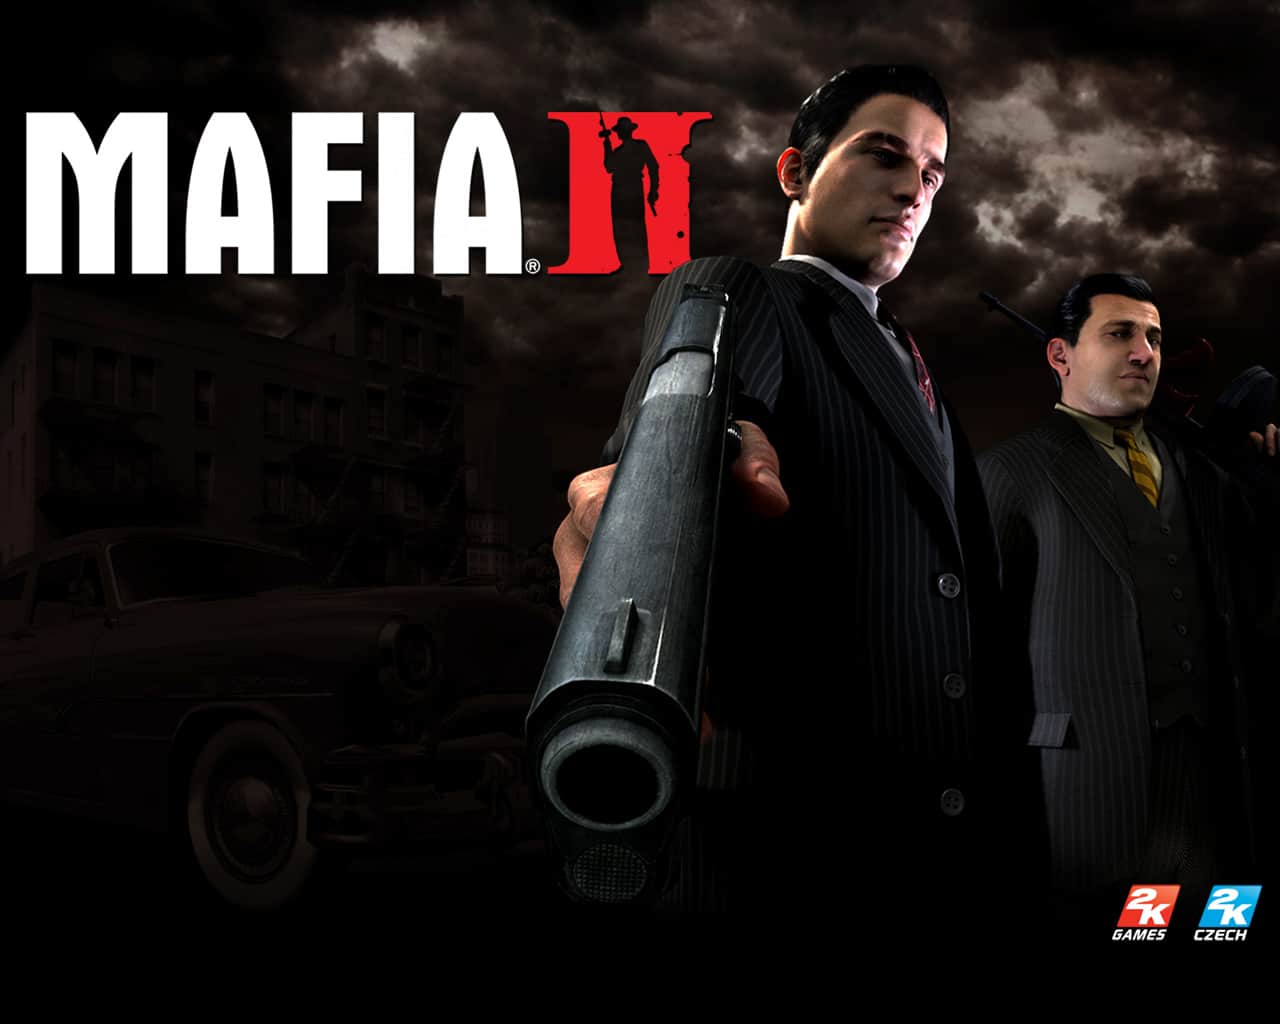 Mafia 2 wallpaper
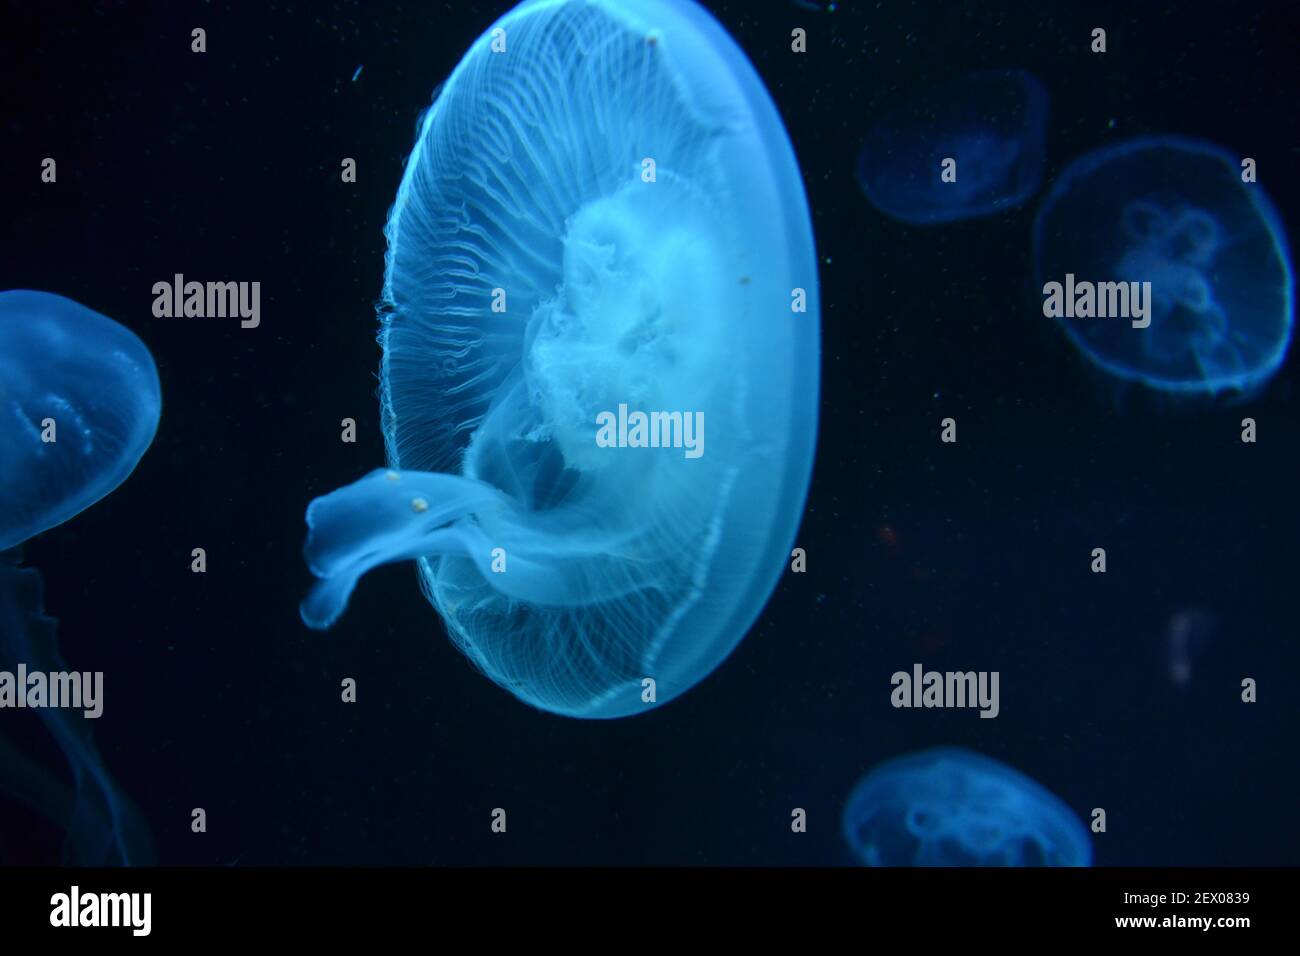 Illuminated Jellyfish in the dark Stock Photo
* * *
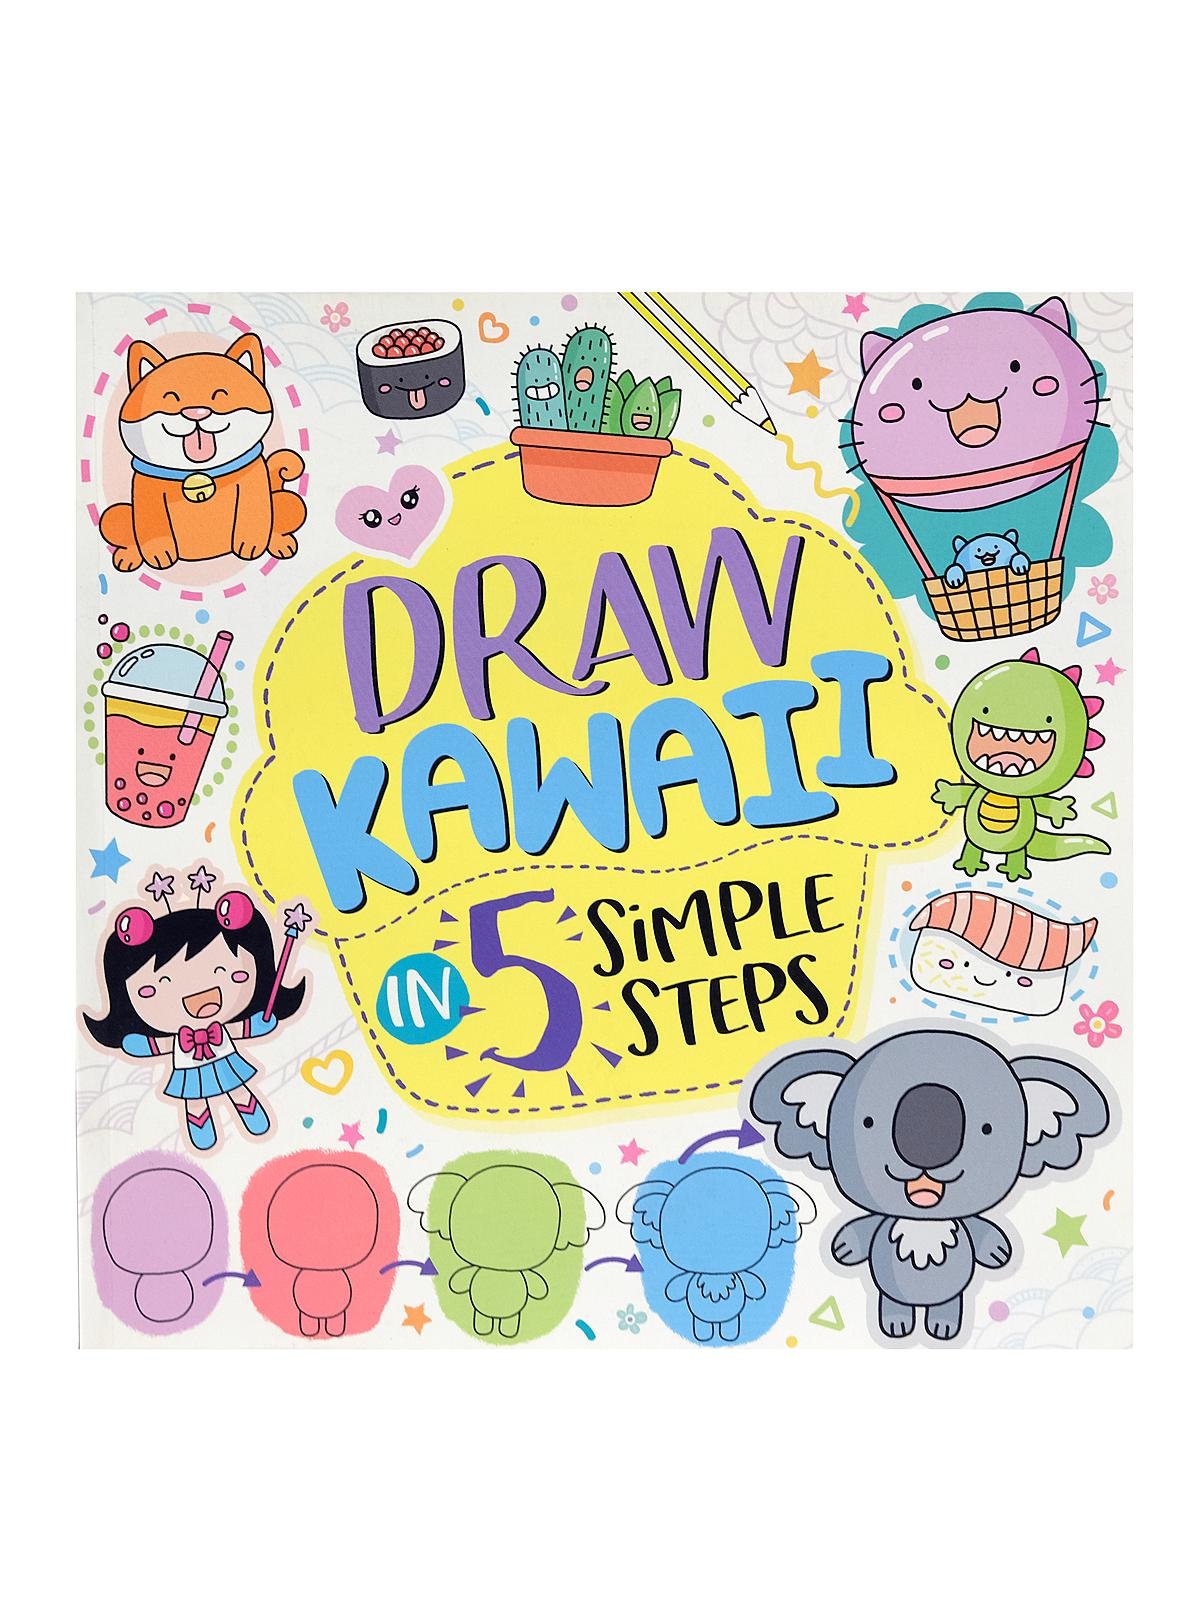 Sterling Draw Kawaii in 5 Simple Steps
* * *
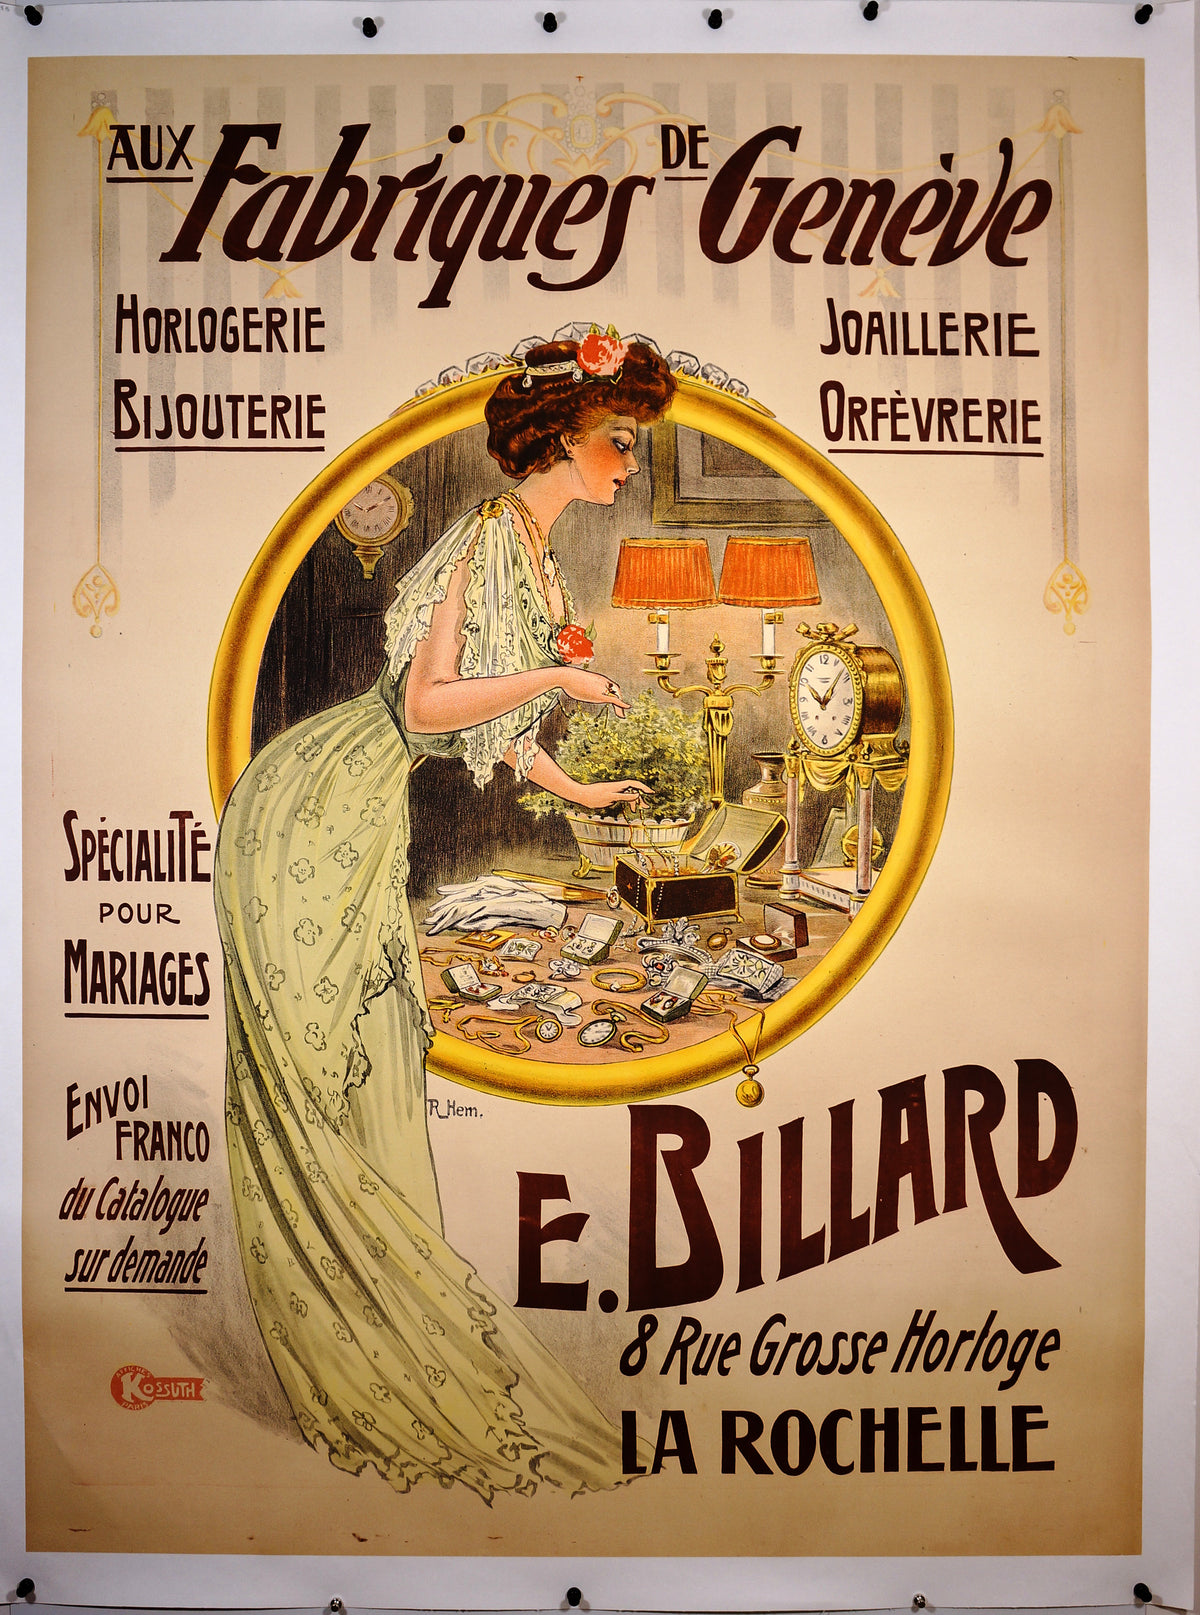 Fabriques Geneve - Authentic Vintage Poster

Exercise instructions | In the listing above, find the line with "Mafia 2 wallpaper" and output every line through the one with "Illuminated Jellyfish in", exactly, without the pictures.

Reply |
 Mafia 2 wallpaper
 Illuminated Jellyfish in the dark Stock Photo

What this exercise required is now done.